Очень важно, что организационно идеальными признаются развитие и жизнь в домашних условиях, так как именно семья считается «естественной средой существования» для аутичного ребенка. Этот тезис делает работу с родителями чрезвычайно важ­ной. Обязательным является разъяснение особенностей аутизма, в том числе и невозможности вылечить его; формирование у роди­телей такого менталитета, при котором аутизм понимался бы не как патология, а как особый, но равнозначный и равноценный с нормой вариант развития. Родители, которые рассматриваются как важнейшие партнеры в коррекционной работе, учатся приемам и навыкам работы с аутичными детьми и подростками, правилам ведения необходимой документации.

Такая работа с родителями организуется не реже, чем дважды в год, и осуществляется в форме сессий, в ходе которых прово­дится контроль за динамикой развития ребенка, вносятся коррек­тивы в индивидуальные программы, рекомендуются новые мето­ды работы. Взаимоотношения семьи и учреждения оформляются договором, регламентирующим взаимные обязанности и ответ­ственность родителей и профессионалов; договор не предполагает финансовых отношений: для проживающих в том штате, где рас­положено учреждение, работающее по ТЕАССН-программе, обу­чение бесплатное.

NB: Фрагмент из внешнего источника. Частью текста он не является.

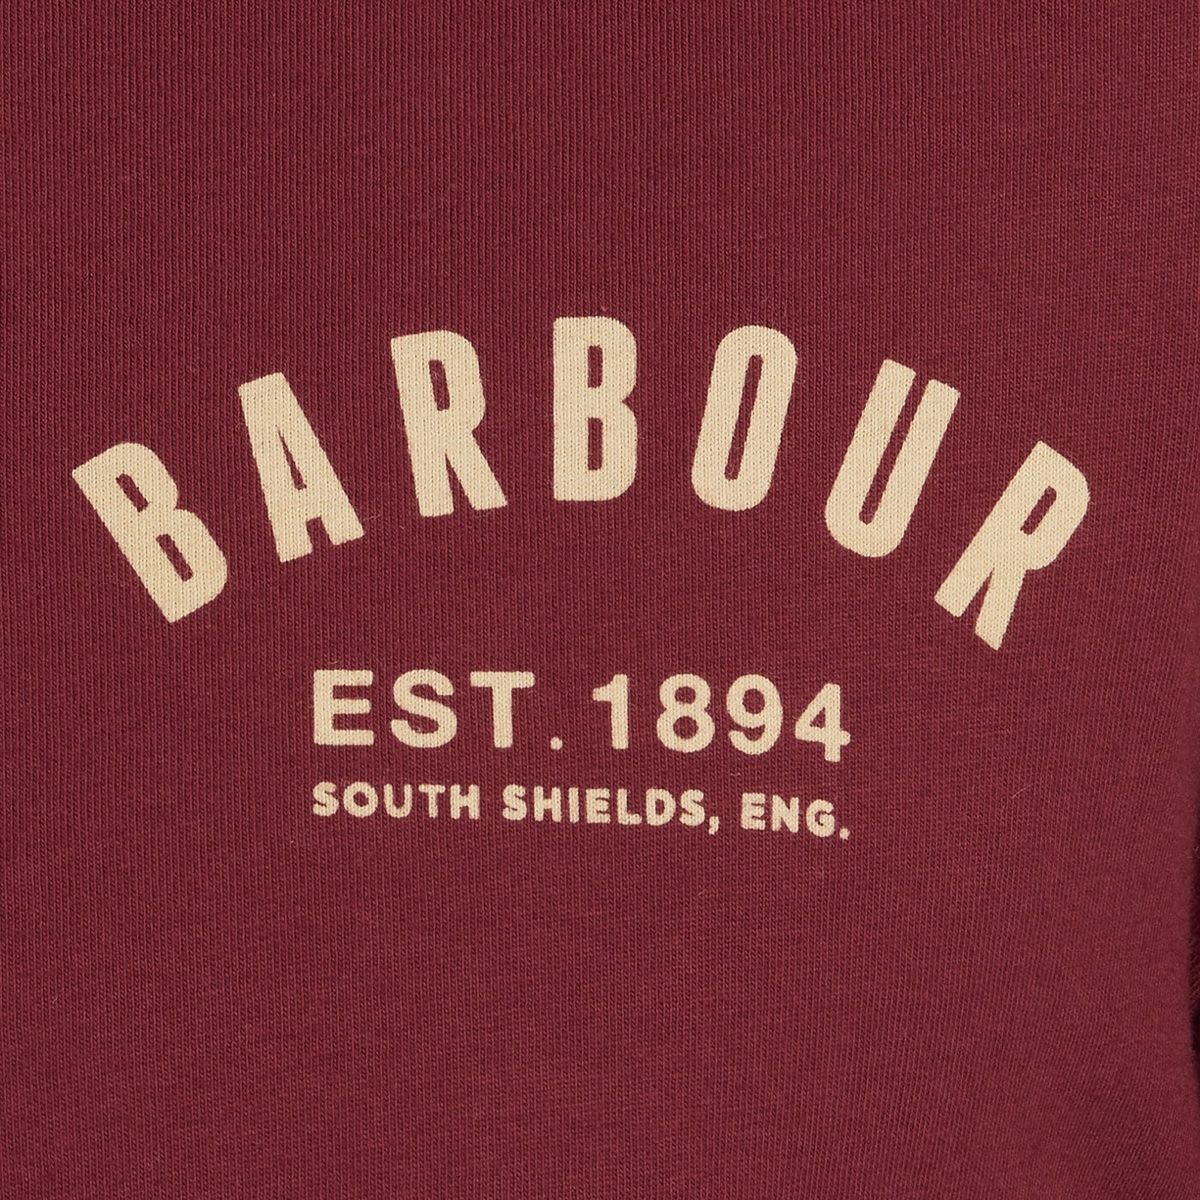 Barbour Men's Preppy T-Shirt | Ruby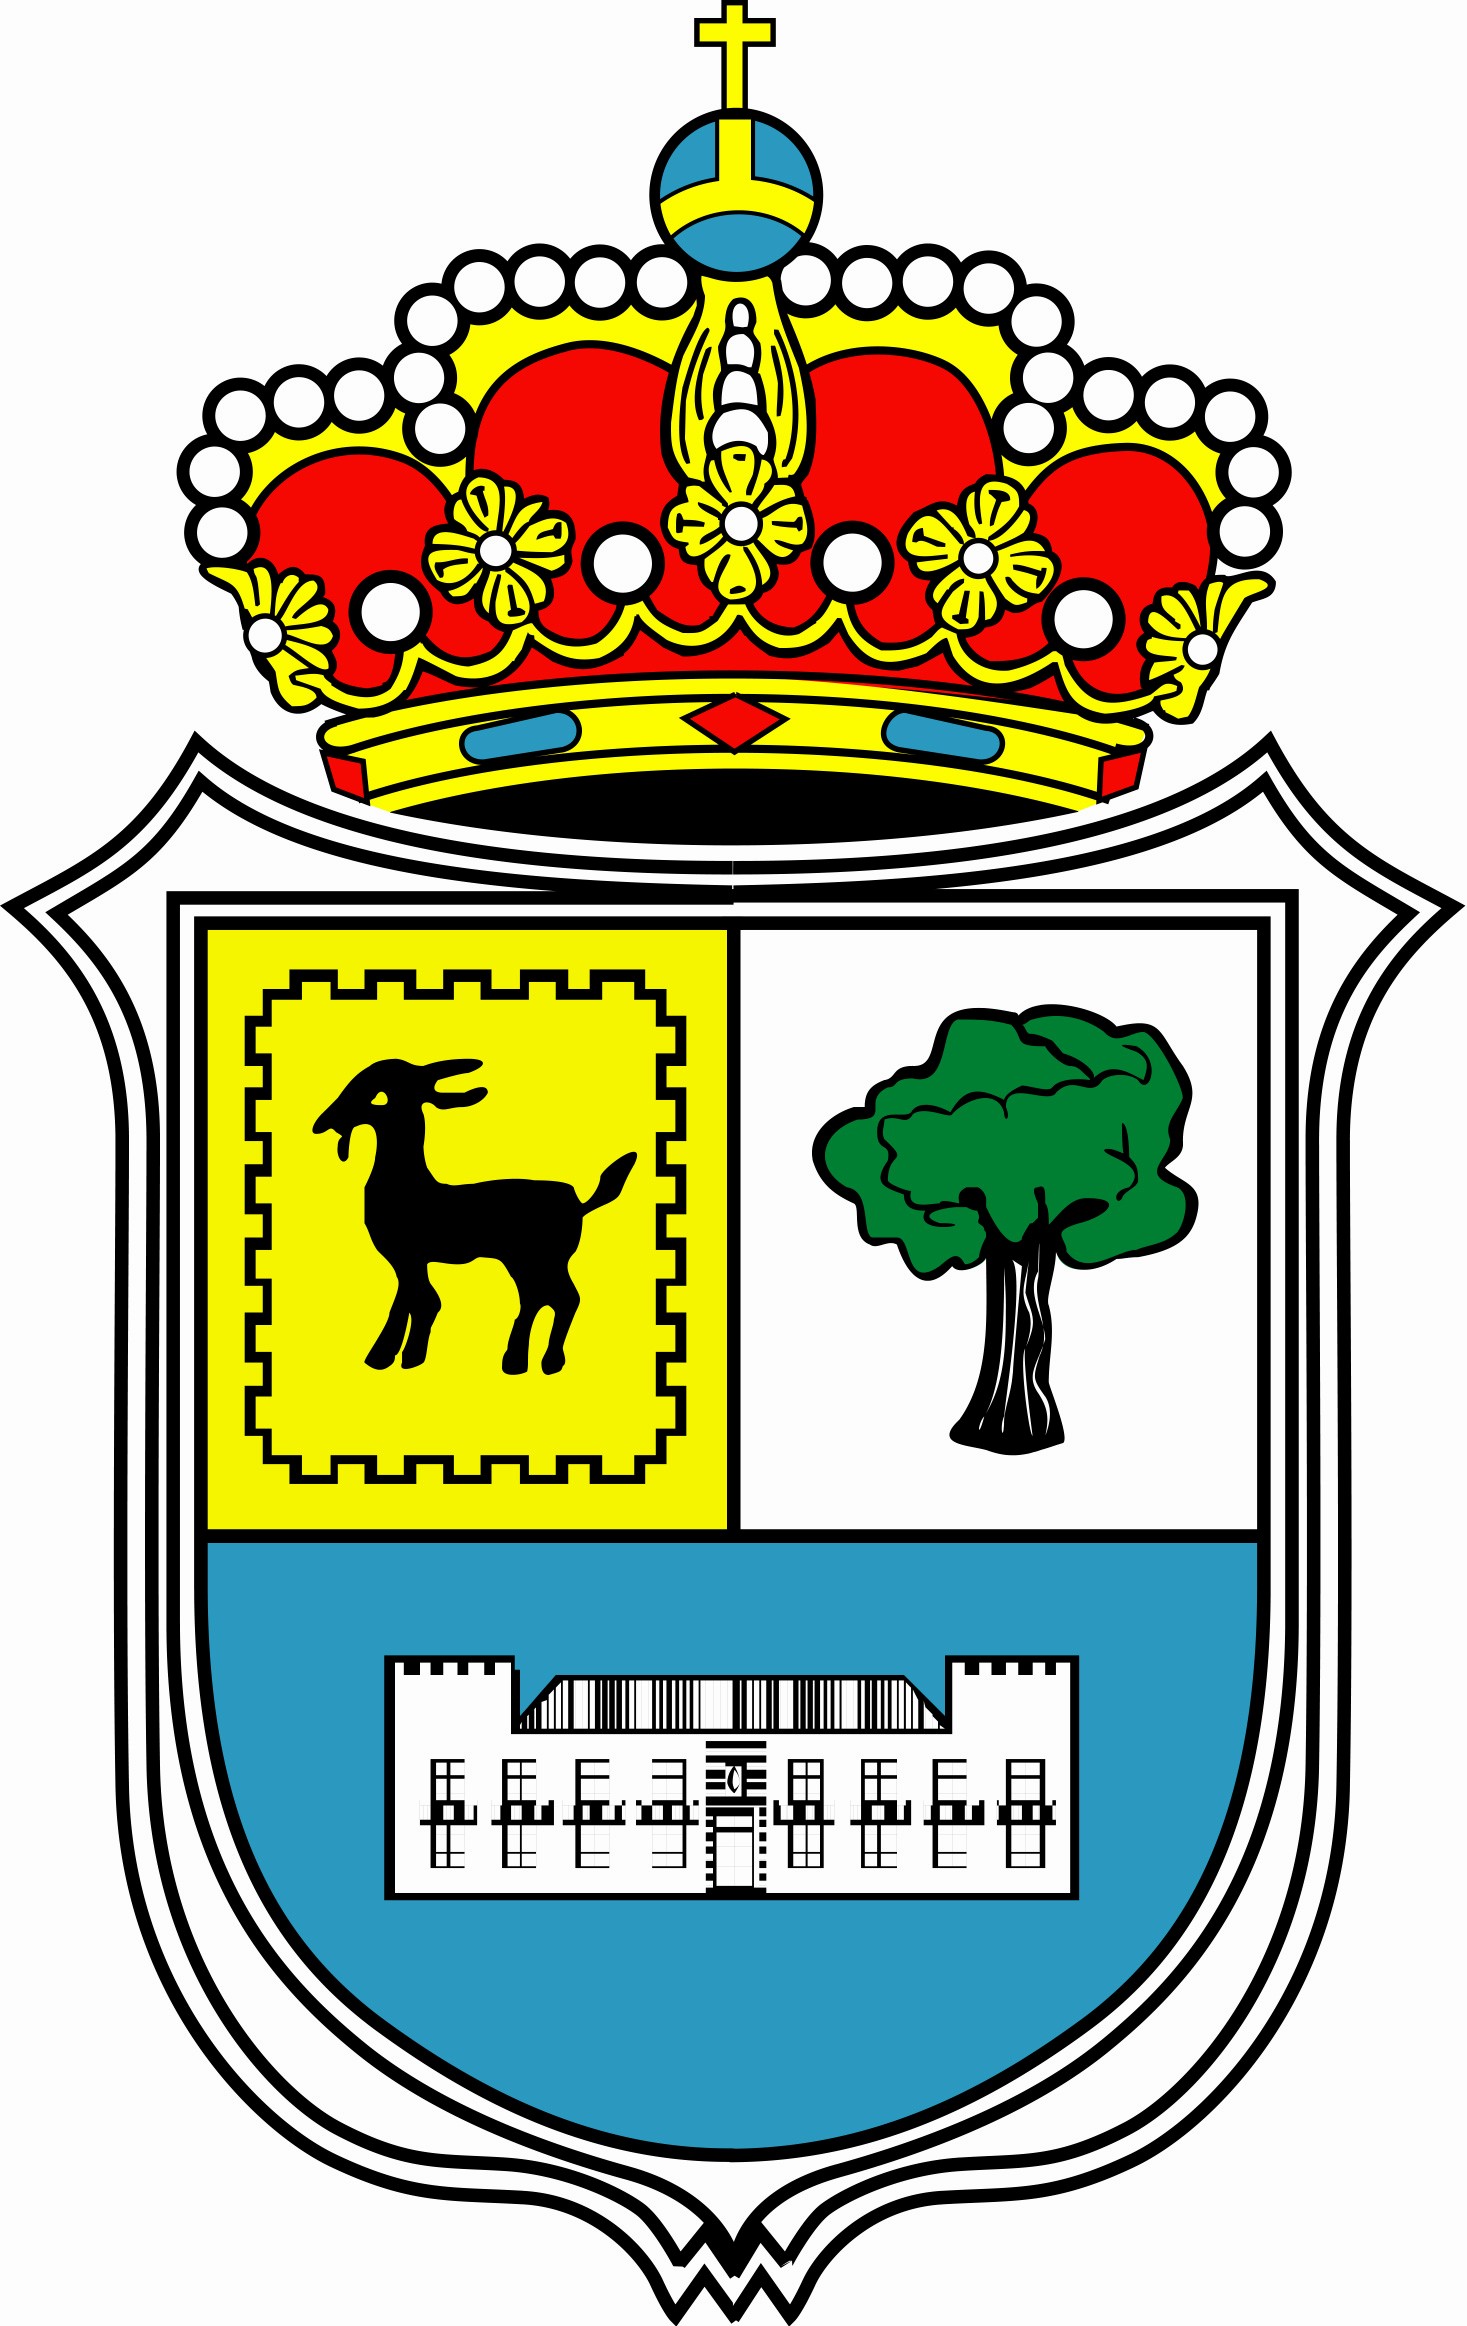 Escudo del Ayuntamiento de La Oliva.

В тех случаях, когда по каким-либо причинам ребенок не мо­жет воспитываться только в семье, коррекционный процесс осу­ществляется в дошкольных группах или школах дневного пребы­вания. В группе, как правило, 5 — 6 детей, с которыми работают 2 — 3 специалиста, однако соотношение «штат — воспитанники», как 1 к 3, признается недостаточным. Контакт с родителями под­держивается посредством ежедневных записей заданий педагога и отчетов родителей, а также ежемесячными личными встречами профессионалов с родителями.

Проживание аутичного ребенка в интернате считается весьма нежелательным, но, если это все же неизбежно, желательно чет­ко разделить места проживания и обучения по условиям: разные педагоги и воспитатели, разный круг воспитанников, неодинако­вые принципы организации коллектива (общение в свободное


 




время, учеба или работа, быт и др.), а во многих случаях и терри­ториальное разведение места проживания и работы (учебы).

В программе ТЕАССН в значительно большей степени, чем в прикладном поведенческом анализе, реализуется принцип пре­емственности: воспитанников «ведут» от дошкольного возраста к зрелости через все промежуточные этапы, хотя в какой-то мере это отражает малую вероятность достижения достаточного уров­ня адаптации к окружающему миру. Нельзя не отметить и то, что эта программа намного дешевле любых других, хотя ее эффек­тивность несколько ниже, чем при использовании поведенче­ской терапии.

Помимо прикладного поведенческого анализа и программы ТЕАССН на Западе используются холдинг-терапия (М.Уэлш), терапия «ежедневной жизнью» (К.Китахара), терапия «оптималь­ными условиями» (Б и С.Кауфманы) и др.

Считается, что в России синдром раннего детского аутизма изучается более 50 лет, со времени выхода в 1947 г. статьи С. С. Мнухина «О невро- и психопатических изменениях лично­сти на почве тяжелого алиментарного истощения у детей». В даль­нейшем, на протяжении более 30 лет, детский аутизм рассмат­ривался в нашей стране только как медицинская проблема, од­нако помещение аутичных детей в психиатрический стационар не давало, как правило, положительных результатов, а нередко за счет отрыва от семьи и изменения привычного окружения происходило ухудшение состояния. И лишь со второй полови­ны 1970-х гг. благодаря работам ленинградских (Д.Н.Исаев, В. Е. Каган и др.) и особенно московских (К.С.Лебединская, В.В.Лебединский, О.С.Никольская и др.) психиатров и пси­хологов постепенно стало складываться представление о детс­ком аутизме как об особом отклонении психического развития. Из этого неизбежно следовала необходимость не только и не столько медикаментозного лечения, сколько и прежде всего кор-рекционного обучения и воспитания с использованием особых, специфических форм и методов. Такая точка зрения была офици­ально закреплена решением Президиума АПН СССР в 1989 г. Однако, несмотря на значительные успехи в научных медицин­ских и психологических исследованиях, а также на интерес­ные, обнадеживающие результаты экспериментально-методи­ческой работы, государственной системы комплексной помо­щи детям и подросткам, страдающим аутистическими расстрой­ствами, создано не было.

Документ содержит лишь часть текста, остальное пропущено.